The bloated bureacracy complaint kind of reminds me of our government.


EDIT: (Add)

Maybe they really just don't care. (The people running the car companies.) Maybe they really are just about making money and don't want to risk that. For some reason, industry in general in America is kinda weary about new things and good things. No one ever wants to take that risk. Think about the movie and music industry for example... All they do is feed the populous cookie cutter garbage for most of the year, with a few waning examples of creativity and the "new" kind of thing. And who thinks this is a good idea? The people at the top of the totem pole. For some reason they never see the big picture, (no pun intended) and try to put out a good product. It all comes down to greed. What’s the worst part about it is that people don’t hold these companies any kind of responsible for the shit they make. Arch you bring up a great point, about Ford making better cars overseas. If Congress had half a brain, they would be asking the same question of the automobile industry. It’s sad that with this industry taking a dive it’s taking down an entire city and football team with it.
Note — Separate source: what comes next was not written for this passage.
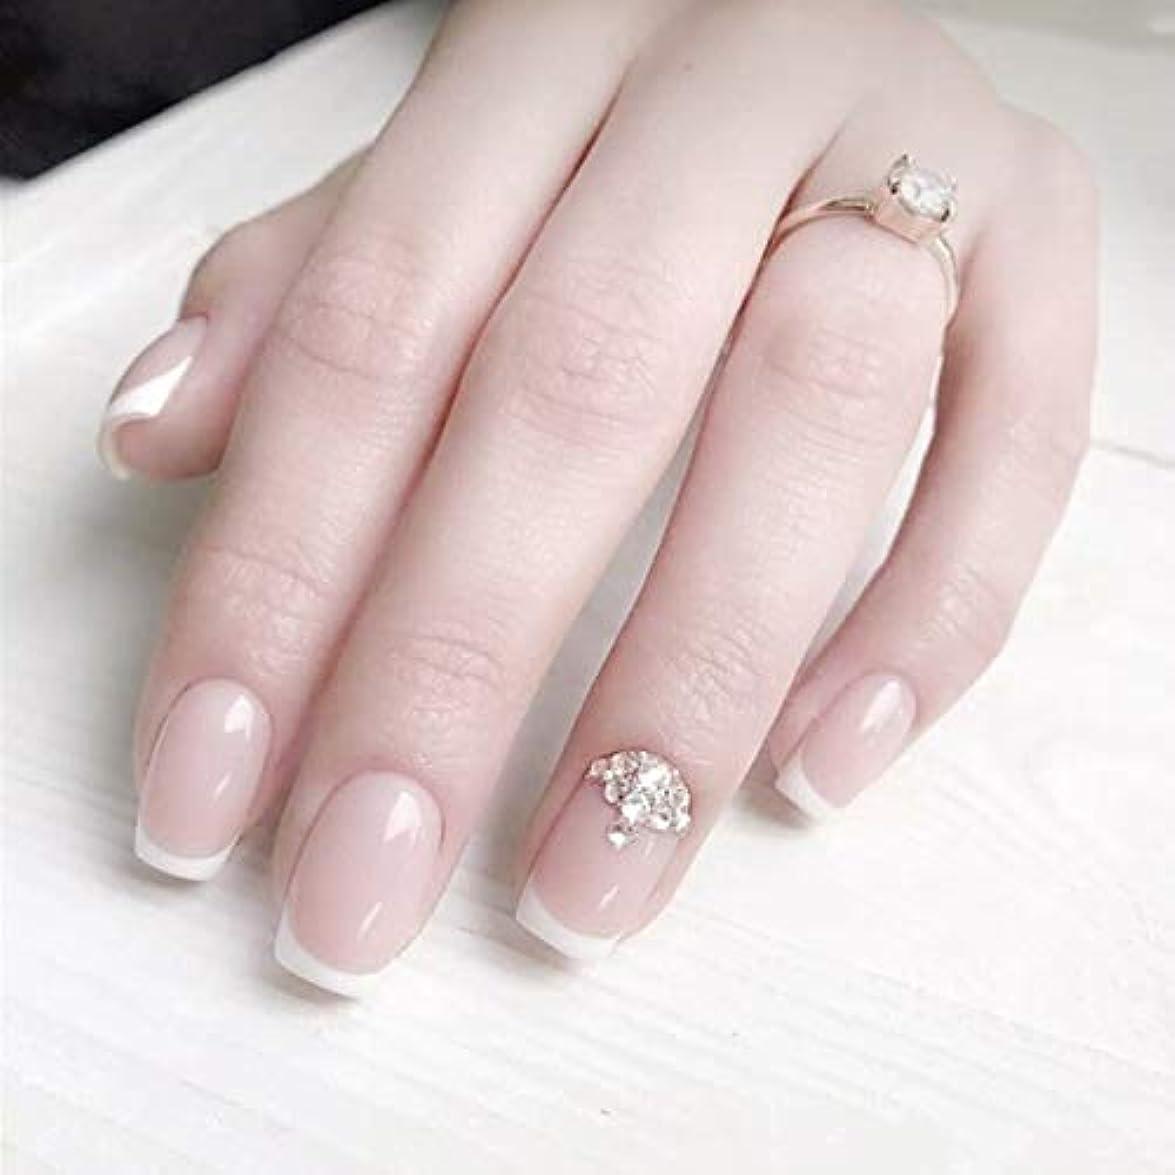 多用途架空のマリンロマンチックのフランス風ネイルチップ 付け爪 花嫁ネイルパーツ つけ爪 ネイルジュエリー ネイルアート

American bureaucracy (biz and gov) has no faith in the American people. They are so afraid of the cunty vocal minority and letter writing mid westerners wiht nothing better to do with their lives that they are afraid to take chances. They feel that the sheep aren't bright enough or else too scared of change to accept something different. Their procedures are so set in stone that it costs too much to come out with something new until you market research it to death to the point where all the newness is taken right out of it and you end up with a minimal change from the shit you already had.